Practitioners should be able to quickly tailor planning solutions to the needs of the least supported, most vulnerable individuals in a community. By pursuing planning exercises that consider life at the individual level, the profession can be more mindful of those who exist at the intersection of multiple identities and how planning solutions might impact them. This can humanize the individuals within a community instead of assuming the experiences of population groups are homogenous, resulting in more dynamic planning with more equitable results.
7. The future of work and workplaces will impact how we use urban space. During the COVID-19 lockdown in the spring of 2020, more than 60 percent of the U.S. workforce was working from home, and many continue to do so. The pandemic has accelerated the digitalization of work. Meanwhile, companies are rethinking their office space needs and considering work-from-anywhere policies or hybrids that allow for smaller to no office space, which comes with significant cost savings. The shift from central business districts to a decentralized, work-from-anywhere approach could bring myriad opportunities to change how we use urban space for the better, if planners are ready.

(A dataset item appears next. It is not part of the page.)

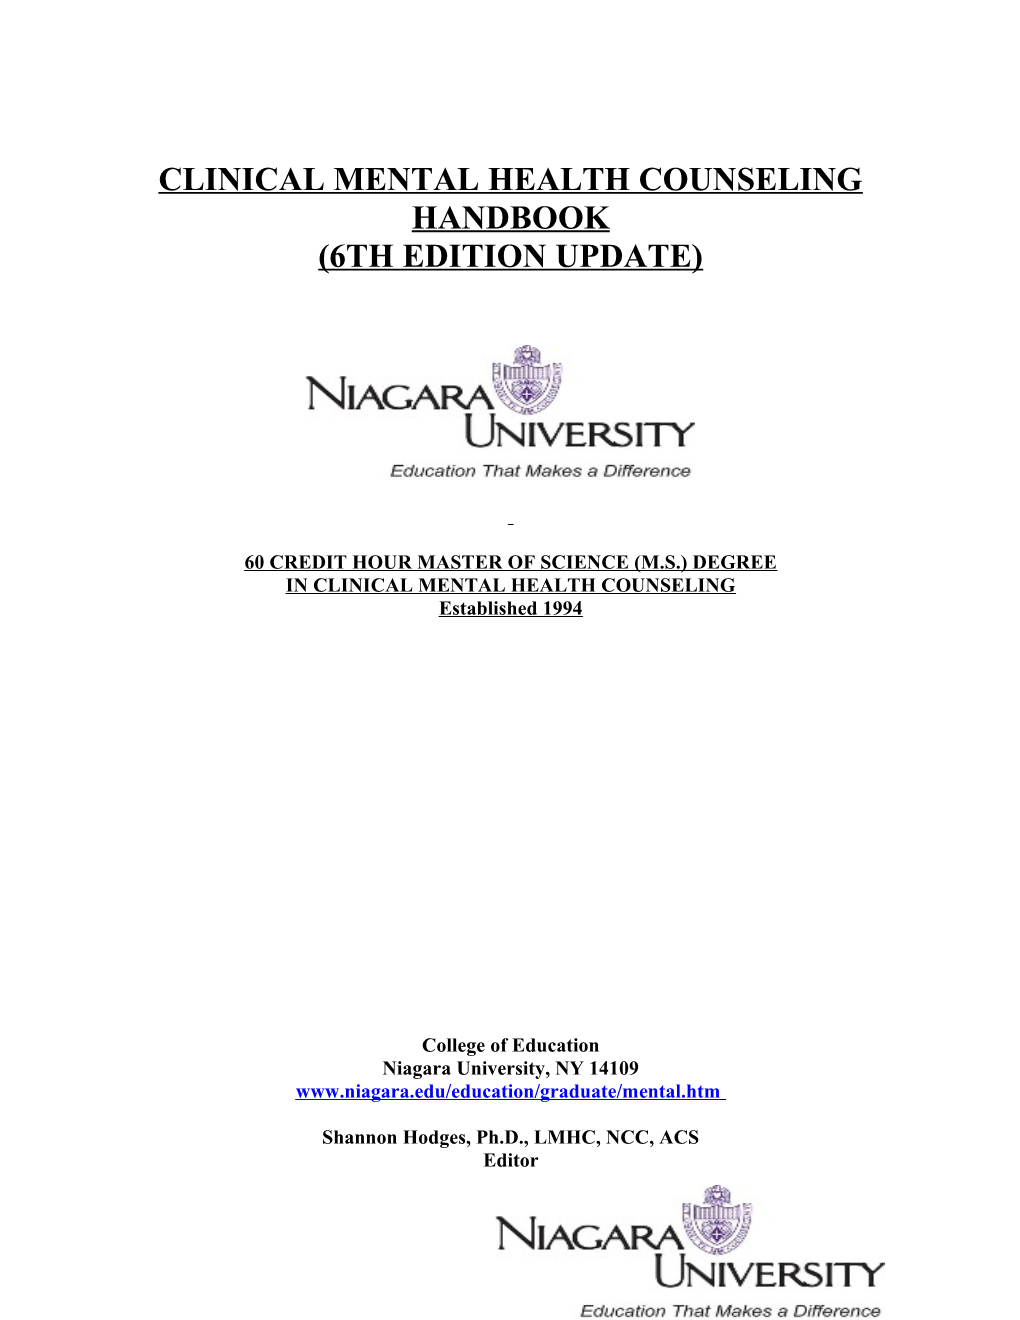 Information Regarding the Mental Health Counseling Profession

Previously residential-only neighborhoods will have to accommodate their remotely working residents, adding retail, restaurants and coffee shops, parks, and other amenities typically adjacent to offices. For workers who don’t have the space for an office at home or simply don’t want to stay home all day, neighborhood coworking spaces will be needed. Homogenous places will shift to mixed-use, walkable neighborhoods that allow the community to socialize and connect with one another.
Vacant office and retail spaces can be repurposed to affordable housing or coliving and coworking spaces. Obsolete parking spaces can be converted into neighborhood parks. Creative thinking can lead to solutions to the housing crisis, as well as the mental health crisis that stems from extended isolation and other traumas experienced during COVID-19.
Ultimately, if jobs are not a reason to move to a city anymore, improved quality of life will become the main attraction. So planners may need to redefine what gets prioritized in their communities accordingly.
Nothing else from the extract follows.